Getty Images/Gamma-Keystone
A forgotten classic
Marriage by Susan Ferrier. Following a discussion with my brother on Scottish classics, he sent me this one, of which I hadn’t heard. It tells of two sisters, separated as babies, one to be brought up in the strict religion of the Scottish Highlands, the other to live amongst the fashionably loose-moralled people of London.
A book that became a movie
The Thirty-Nine Steps by John Buchan. The story of Richard Hannay being chased around Scotland by some nasty German spies just before the First World War. I enjoyed this, but I enjoyed Hitchcock’s classic film version considerably more!

Published this year
The Death of Mrs Westaway by Ruth Ware. I loved this story of Hal Greenaway, who receives a letter telling her she has been left something by her grandmother. The only problem is Hal knows her real grandmother died years ago!

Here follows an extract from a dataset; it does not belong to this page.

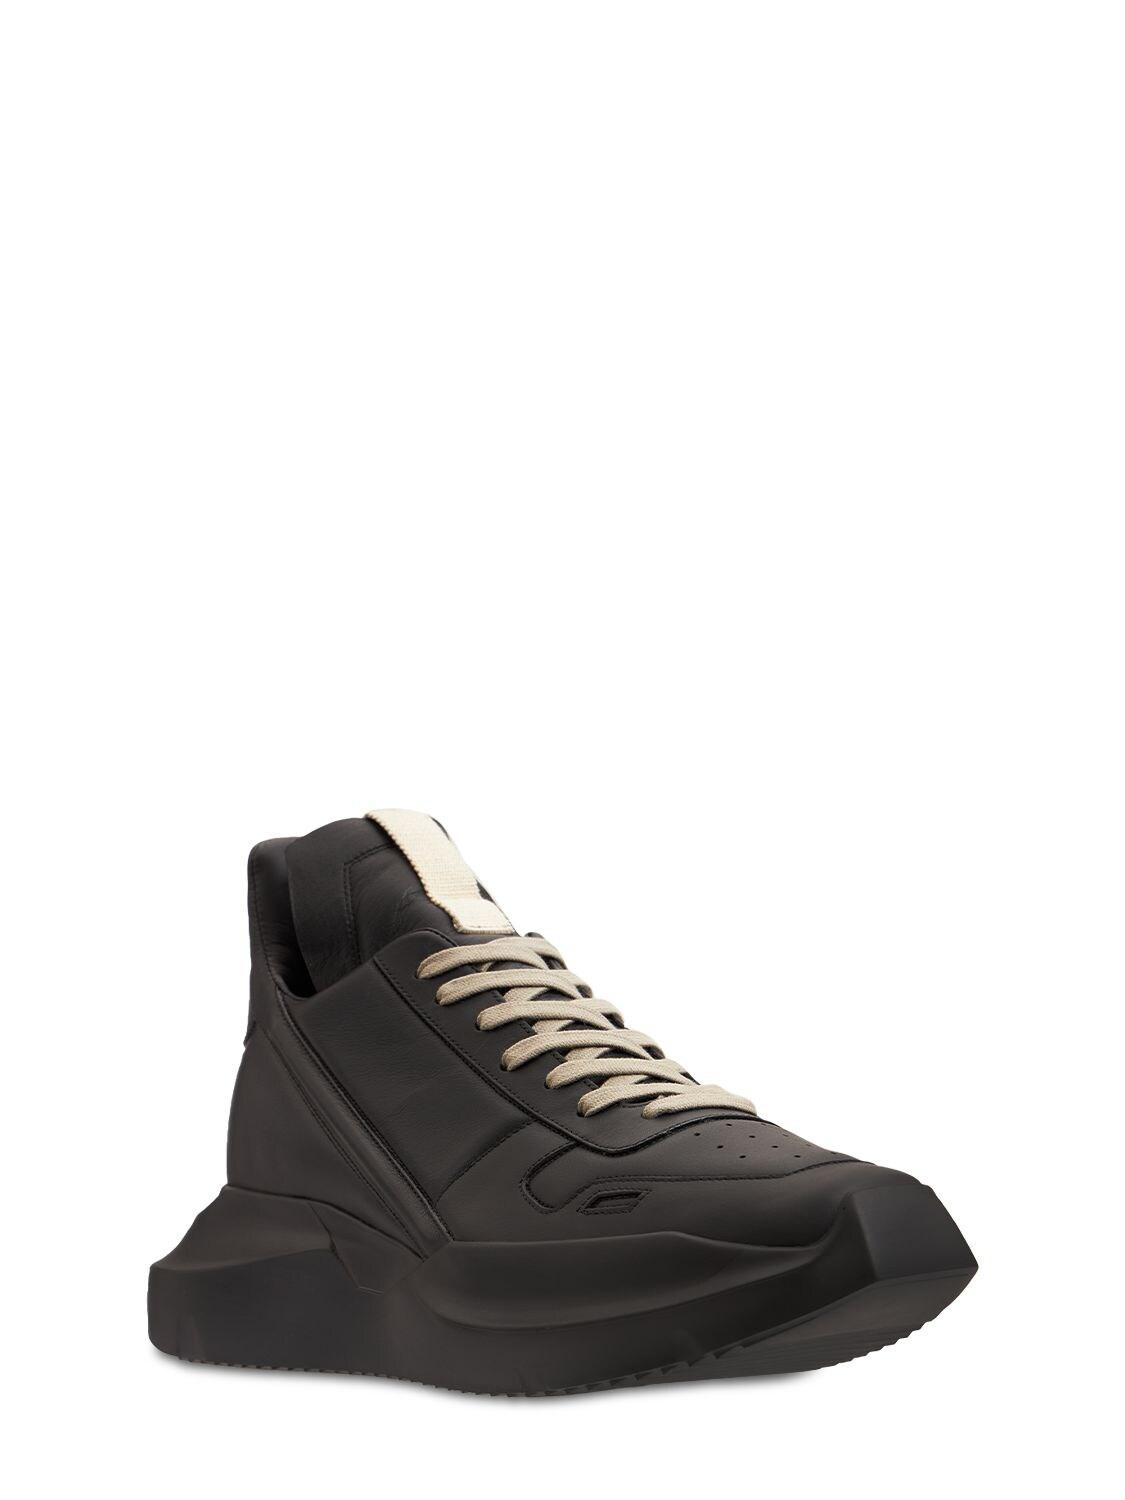 Rick Owens Geth Runner Grain Leather Sneakers in Black for Men | Lyst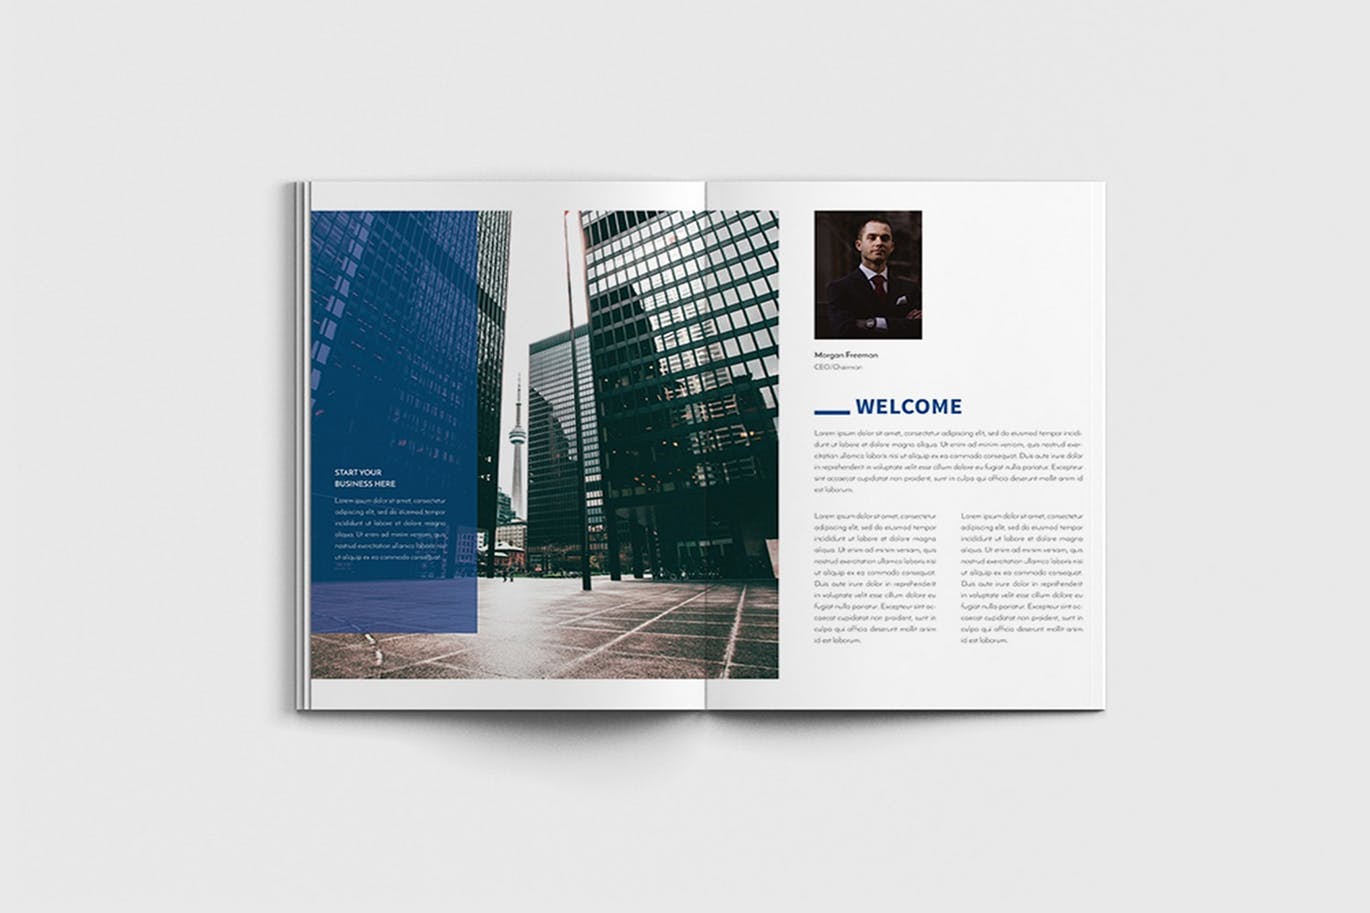 商业计划书/企业简介宣传画册设计模板 Walkers – A4 Business Brochure Template插图1

But she decides to go anyway to the house in Cornwall to find out what she’s inherited. Deliciously Gothic in a modern setting.
With a number in the title
The Four Just Men by Edgar Wallace. This classic story from 1905 has a surprisingly contemporary storyline – of people objecting to political agitators using the safety of foreign countries to stir up revolutions back in their own nation. It’s a vigilante story – not my favourite kind – but I found it entertaining and unexpectedly thought-provoking.
Written by someone under 30
The Moving Toyshop by Edmund Crispin. I always end up having to google authors for this one, and was amazed to find that Crispin wrote this book when he was only 25. The story is of a man who discovers a body in a toyshop but when he returns there with the police, the toyshop has gone! A mad romp of a book and great fun.
A book with non-human characters
Brazzaville Beach by William Boyd. Hope Clearwater works for a research project in the Republic of the Congo, observing chimpanzees. The chimps play a real role in the book and are as well developed as the human characters. Plus this may be my last opportunity to use one of my favourite GIFs…
A funny book
Miss Blaine’s Prefect and the Golden Samovar by Olga Wojtas. Shona McMonagle, ex-student of the Marcia Blaine School for Girls, becomes a time-traveller in this very funny romp set in pre-revolutionary Russia. Very well written, lots of delightful Scottish references and some less than reverential nods to that other book about pupils of the Marcia Blaine, The Prime of Miss Jean Brodie.
A science fiction or fantasy book
The Day of the Triffids by John Wyndham. I’ve read some brilliant classic science fiction this year, and this was up there with the best. A post-apocalyptic vision of life after strange green lights appear in the sky, striking blind everyone who saw them. And to make matters worse, the triffids have got loose – walking, man-eating plants! A great, thought-provoking story.

A mystery
The Stranger Diaries by Elly Griffiths. I’m liking this trend towards modern Gothic very much, and this is another goodie! Clare Cassidy is writing a biography of the writer of a terrifying ghost story, The Stranger. And when one of her colleagues is brutally murdered, it becomes clear that somehow the story holds the clue to the case…
A one-word title
Brother by David Chariandy. The story of two brothers whose mother has immigrated from Trinidad to Canada. She has to work hard to make a living, so the boys are often left alone. Drifting into the ‘wrong’ crowd, they will become caught up in events that lead to tragedy. A story of the immigrant dream gone wrong, beautifully written and told.
Free square
Jeeves and the Feudal Spirit by PG Wodehouse. Whenever my world is grey, Bertie Wooster brings the sunshine back. But, since they’re all re-reads for me, they never get in the running for my awards despite giving me so much pleasure. In this one, Bertie, Jeeves, Aunt Dahlia and Wodehouse are all on top form as they navigate Bertie away from the horrors of marriage once again – spiffing!

A book of short stories
The Vampyre and Other Tales of the Macabre. Between classic crime and horror anthologies, I’m spoilt for choice this year. This one includes Scottish and Irish writers which makes it a little different from the usual, and the title story arose out of the same evening get-together that led to the writing of Frankenstein.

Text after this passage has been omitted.